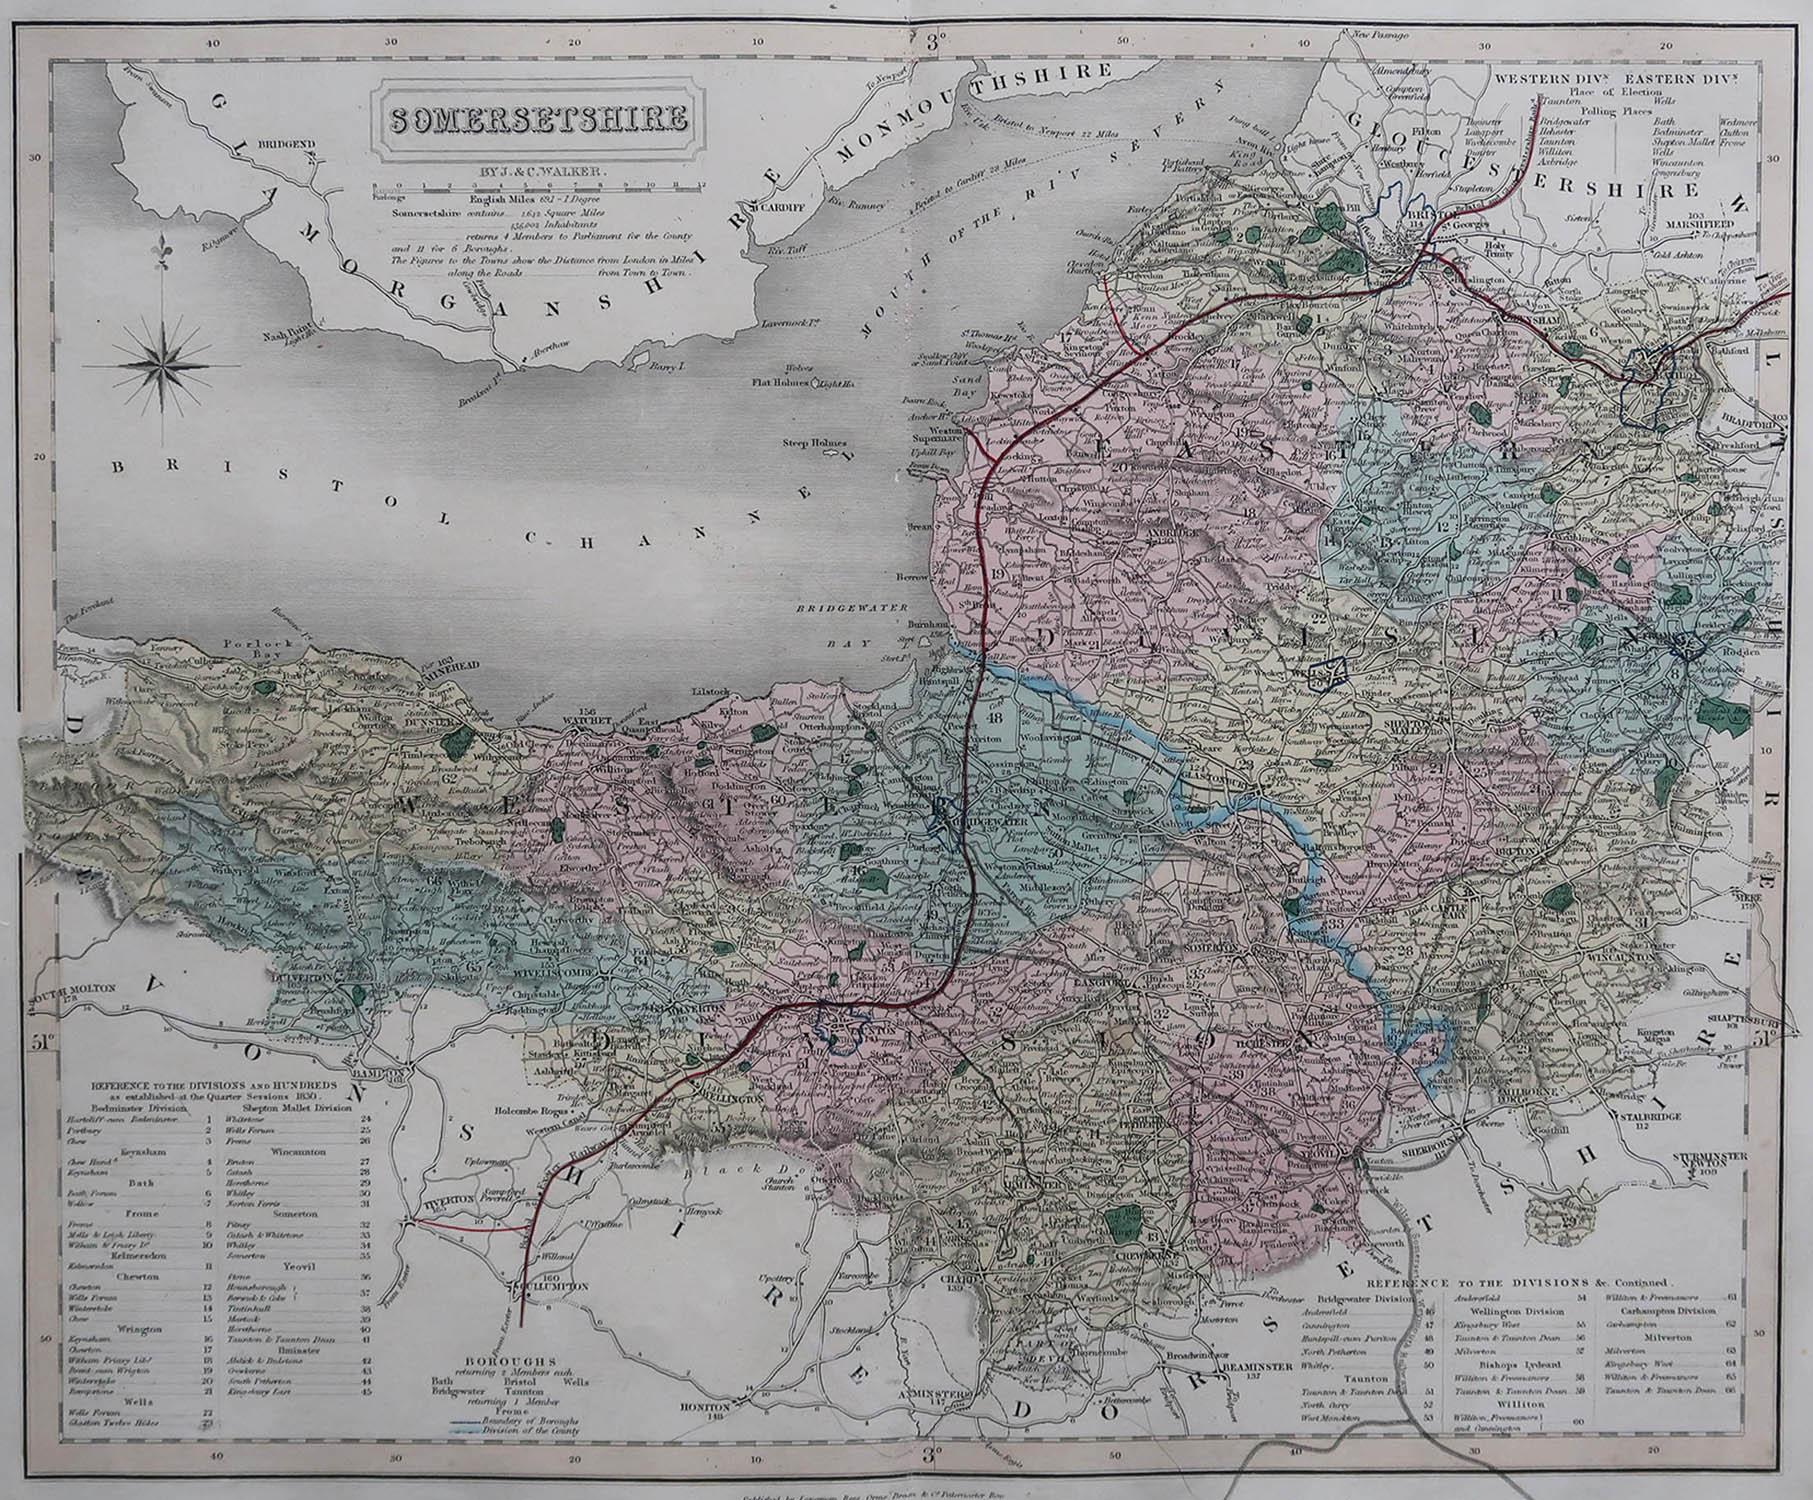 Great map of Somerset

Original colour

By J & C Walker

Published by Longman, Rees, Orme, Brown & Co. 1851

Unframed.




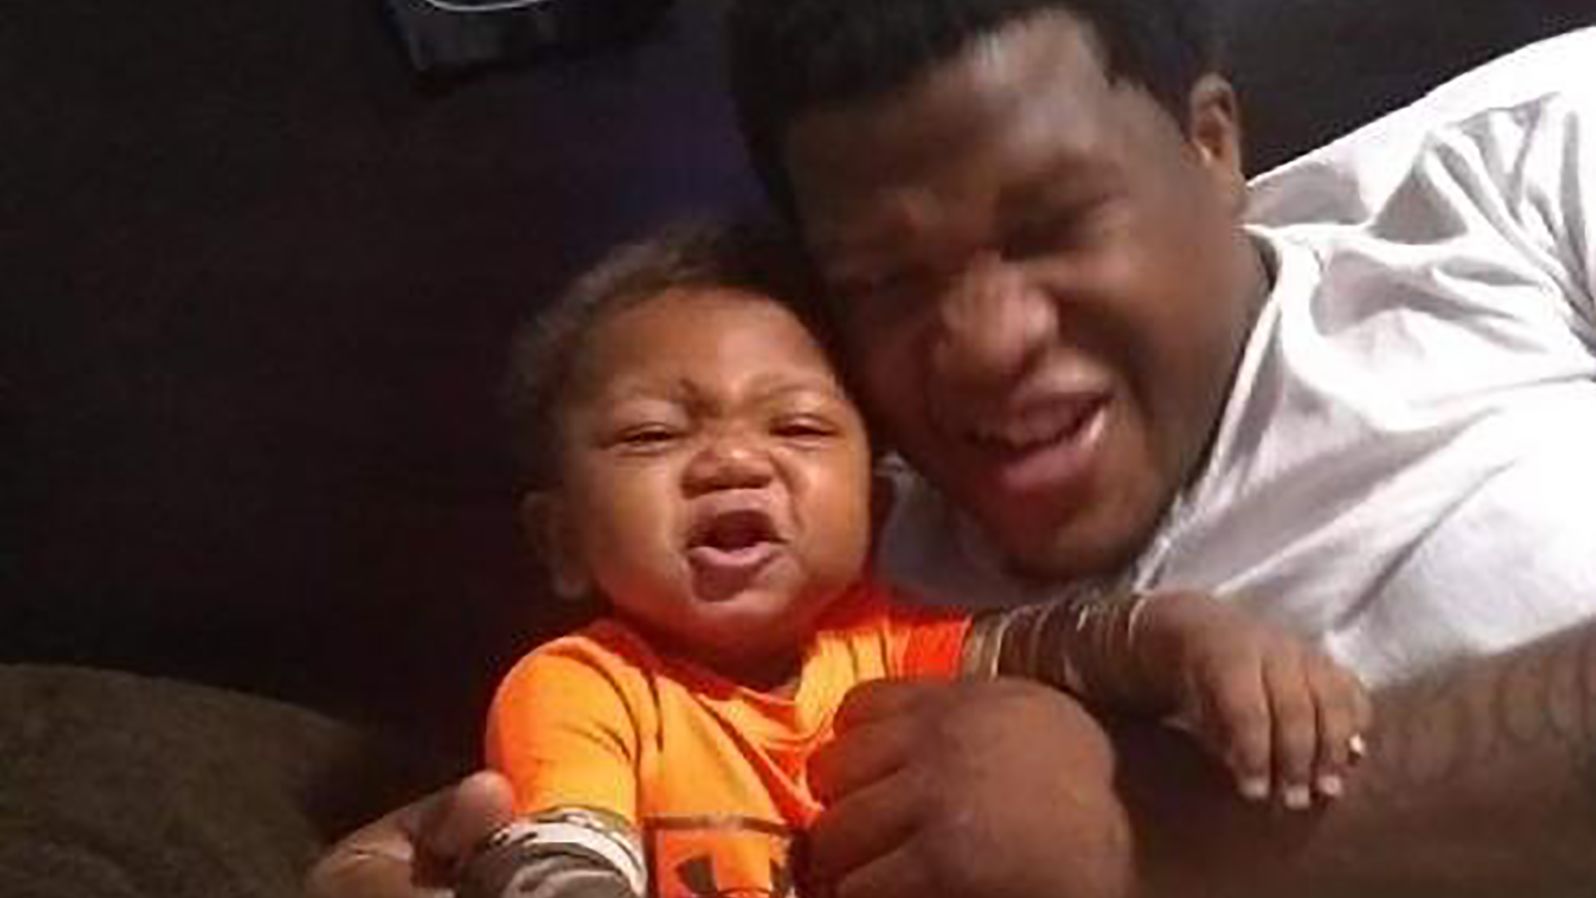 Jemel Roberson's son Tristan is now 9 months old.

..........

Please copy the lines above, starting at the one that holds "By J & C Walker" and stopping after the last line, exactly as they appear and minus the pictures.

By J & C Walker

Published by Longman, Rees, Orme, Brown & Co. 1851

Unframed.




 Jemel Roberson's son Tristan is now 9 months old.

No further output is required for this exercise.